Classification of Coherent Enhancements of Light-Harvesting Processes

TL;DR

This paper classifies mechanisms by which quantum coherence can enhance light-harvesting efficiency, predicting a new mechanism where coherence reduces recombination by localizing excitons away from dissipation.

Contribution

It provides a comprehensive classification of coherence effects in light-harvesting systems and predicts a novel enhancement mechanism involving eigenstate coherence.

Findings

Enhancements require different bases for coherence and dissipation.

A new mechanism uses eigenstate coherence to localize excitons and reduce recombination.
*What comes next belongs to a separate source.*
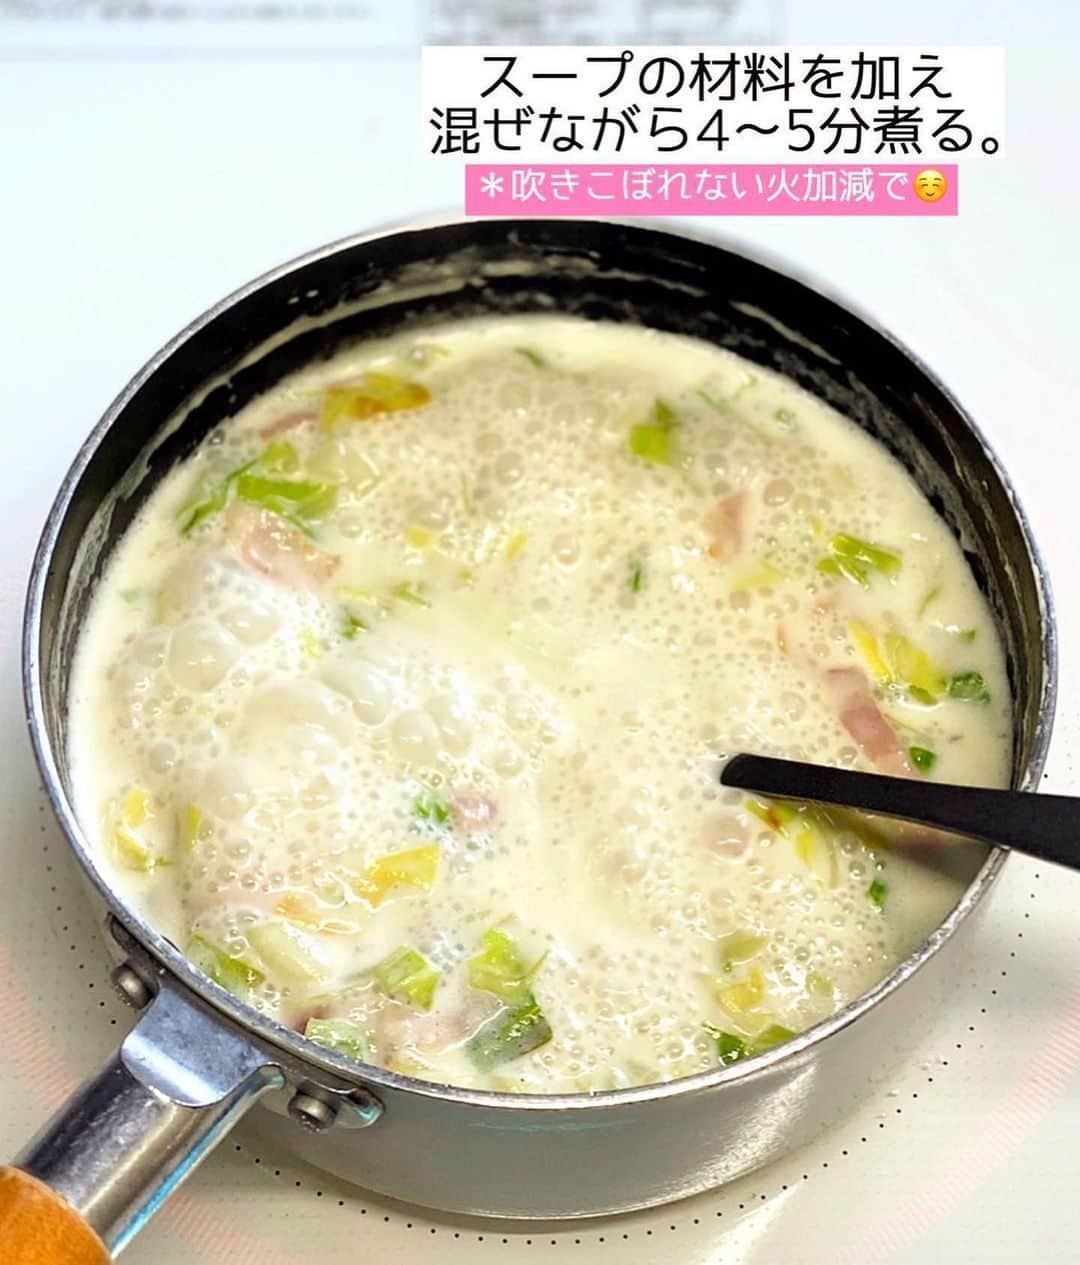 Mizuki【料理ブロガー・簡単レシピ】さんのインスタグラム写真 - (Mizuki【料理ブロガー・簡単レシピ】Instagram)「・朝食やあと一品に💕 ⁡ ［#レシピ ］ ーーーーーーーーーーーーーーーーー キャベツとベーコンのミルクスープ ーーーーーーーーーーーーーーーーー ⁡ ⁡ ⁡ おはようございます☺️   今日ご紹介させていただくのは  \ キャベツとベーコンのミルクスープ /  (再掲載✨)   軽くとろみをつけて食べやすく  ほっこり優しい味わいに仕上げました♩  あっという間にできるので  朝食やあと一品にもおすすめですよ〜💕   まだ朝晩は肌寒いので  よかったらお試し下さいね😋 ⁡ ⁡ 【簡単・時短・節約レシピ更新中🔻】 @mizuki_31cafe ⁡ ⁡ ⁡ ＿＿＿＿＿＿＿＿＿＿＿＿＿＿＿＿＿＿＿ 【2人分】  キャベツ...3枚(150g)  ベーコン...2枚  オリーブオイル...小1  薄力粉...小2  ●水...100ml  ●牛乳...300ml  ●コンソメ...大1/2  ●塩こしょう...少々    1.キャベツは粗みじん切りにする。ベーコンは1cm幅に切る。  2.鍋にオリーブオイルを中火で熱して1をさっと炒め、薄力粉を加えて更に1分炒める。  3.●を加え、混ぜながら4〜5分煮る。  ￣￣￣￣￣￣￣￣￣￣￣￣￣￣￣￣￣￣ ⁡ ⁡ 《ポイント》 ♦︎普通のキャベツでも春キャベツでも同じように作れます♩  ♦︎工程3では吹きこぼれないように火加減を調節して下さい♩  ♦︎牛乳の代わりに豆乳を使う場合、分離する可能性がございますので注意してください☆ ⁡ ⁡ ⁡ ⁡ ⁡ 💬💬💬 ブログの引っ越しにお付き合いいただいて 本当にありがとうございました🙇‍♀️ なんとか無事に更新することができ とりあえずほっとしています。涙 ⁡ そして昨日書いてて思ったのですが 私のブログ歴も10年くらいになっていて。 10年って•••そりゃ歳もとるわなって😅 この10年でSNSも、そしてその捉え方も 大きく変わったような気がします✨ ⁡ ある意味すごい時代に生きてるなって そんな風に思いました。。 ⁡ ⁡ ⁡ ⁡ ⁡ 𖤣𖥧𖥣𖡡𖥧𖤣✨ 愛用している調理器具や器などは #楽天ROOMに載せてます ‎𐩢𐩺 (ハイライトから飛べます🛍) ⁡ ⁡ ⁡ ⁡ ⁡ ⁡ 🔶全国の書店・ネット書店で発売中🔶 ⁡ ✼••┈┈┈┈┈••✼••┈┈┈┈┈••✼ 今日のごはんこれに決まり！ ‎𓊆#Mizukiのレシピノート 500品𓊇 ✼••┈┈┈┈┈••✼••┈┈┈┈┈••✼ ⁡ ˗ˏˋ おかげさまで23万部突破 ˎˊ˗ 料理レシピ本大賞準大賞を受賞しました🙇‍♀️ ⁡ 6000点の中からレシピを厳選し まさかの【500レシピ掲載】❣️ 肉や魚のメインおかずはもちろん 副菜、丼、麺、スープ、お菓子 ハレの日のレシピ、鍋のレシピまで 全てこの一冊で完結𓌉◯𓇋✨ ⁡ ⁡ ⁡ 📕新刊発売中📕 ⁡ ✼••┈┈┈••✼••┈┈┈••✼ Mizukiのカンタン手作り   𓊆 #3時のおやつ 𓊇 ✼••┈┈┈••✼••┈┈┈••✼ ⁡ 『3分クッキング』で連載中の 「Mizukiのカンタン手作り」 ‎4年分のおやつが1冊になりました！ ❝オーブンなしで❞ 身近な材料と道具でできる 簡単、手軽なおやつを80品🍪 ⁡ ⁡ ⁡ ⁡ ⁡ ⁡ #キャベツとベーコンのミルクスープm #キャベツ #キャベツレシピ #春キャベツ #ベーコン #牛乳 #牛乳レシピ #スープ #スープレシピ #料理 #時短レシピ  #節約料理 #簡単料理  #時短料理  #mizukiレシピ  #アルモンデ #節約レシピ #簡単レシピ」3月30日 7時34分 - mizuki_31cafe

The classification predicts previously unreported coherence-based efficiency improvements.

Abstract

Several kinds of coherence have recently been shown to affect the performance of light-harvesting systems, in some cases significantly improving their efficiency. Here, we classify the possible mechanisms of coherent efficiency enhancements, based on the types of coherence that can characterise a light-harvesting system and the types of processes these coherences can affect. We show that enhancements are possible only when coherences and dissipative effects are best described in different bases of states. Our classification allows us to predict a previously unreported coherent enhancement mechanism, where coherence between delocalised eigenstates can be used to localise excitons away from dissipation, thus reducing recombination and increasing efficiency.